Our primary interest is in better understanding the class of abstract computations captured by Yampa. Unfortunately, arrows are not concrete enough to do this with precision. To remedy this situation we introduce the concept of commutative arrows that capture a kind of non-interference property of concurrent computations. We also add an init operator, and identify a crucial law that captures the causal nature of arrow effects. We call the resulting computational model causal commutative arrows.

To study this class of computations in more detail, we define an extension to the simply typed lambda calculus called causal commutative arrows (CCA), and study its properties. Our key contribution is the identification of a normal form for CCA called causal commutative normal form (CCNF). By defining a normalization procedure we have developed an optimization strategy that yields dramatic improvements in performance over conventional implementations of arrows. We have implemented this technique in Haskell, and conducted benchmarks that validate the effectiveness of our approach. When combined with stream fusion, the overall methodology can result in speed-ups of greater than two orders of magnitude.

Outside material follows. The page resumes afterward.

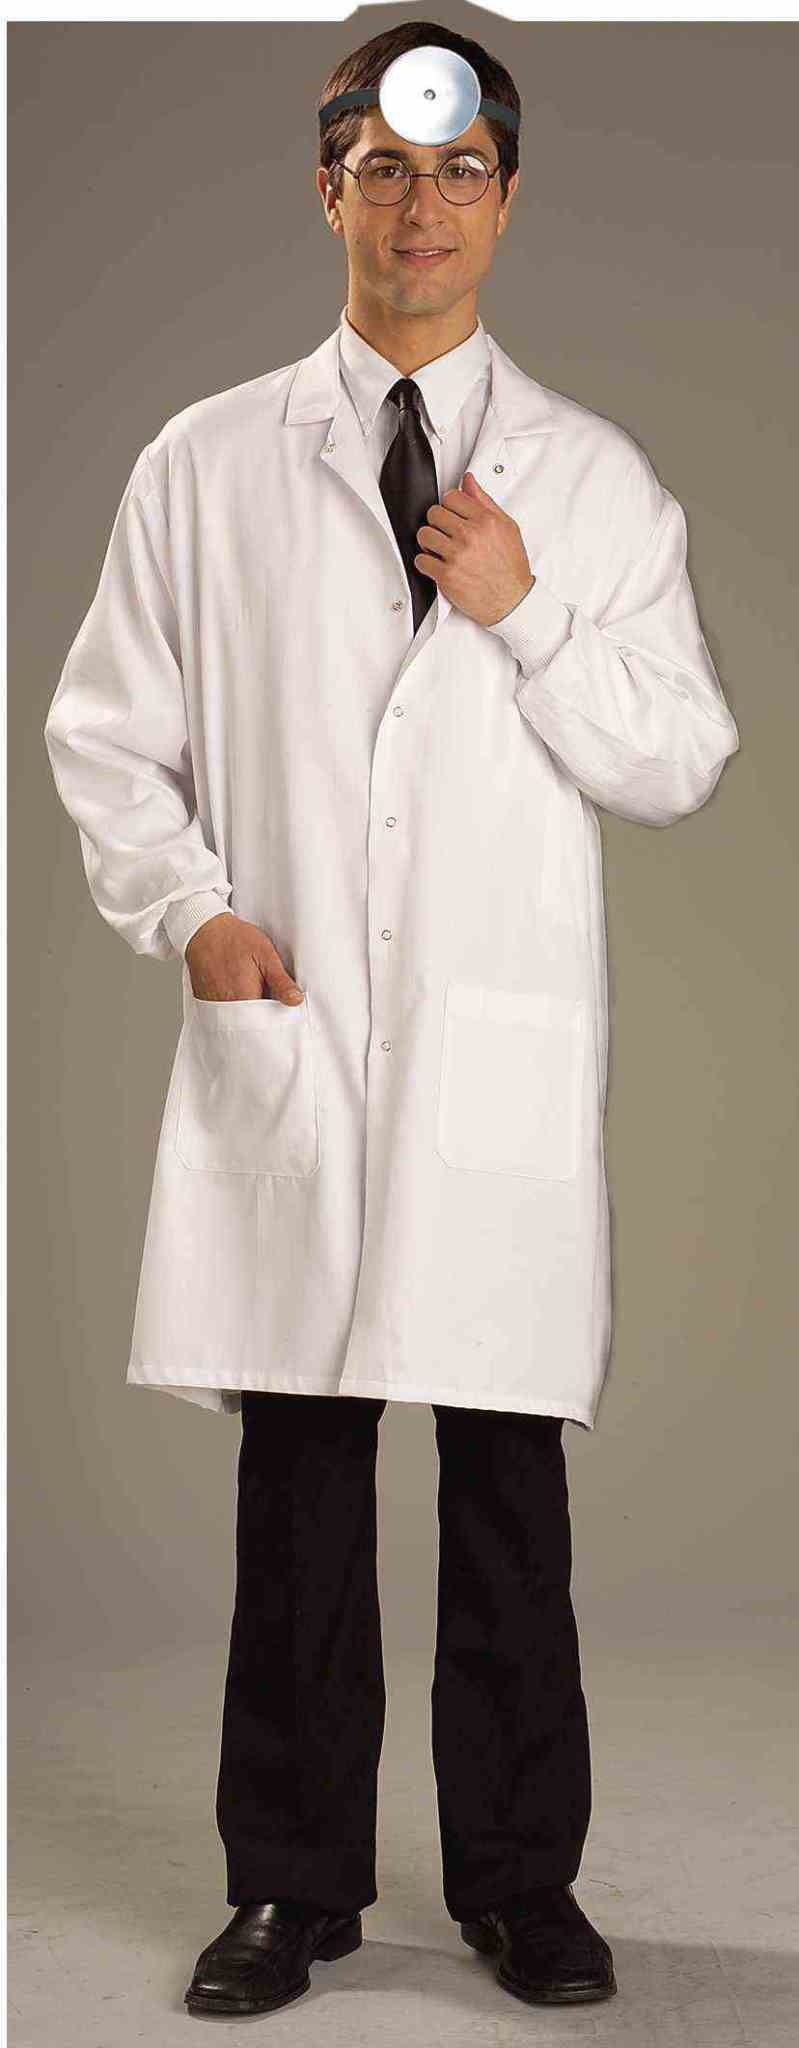 Adult Doctor Lab Coat

One way of understanding what is going on in this paper is that in terms of dataflow programming, FRP programs correspond to programs with single-entry, single-exit dataflow graphs. This means that none of the internal dataflow nodes in an FRP program are actually necessary -- you can coalesce all those nodes into a single node while preserving the observable behavior. (They briefly touch on this point when they mention that synchronous languages try to compile to "single loop code".) What's very slick is that they have a nice normal form procedure that (a) is defined entirely in terms of their high-level language, and (b) always yields code corresponding to the the coalesced dataflow graph. It's an elegant demonstration of the power of equational reasoning.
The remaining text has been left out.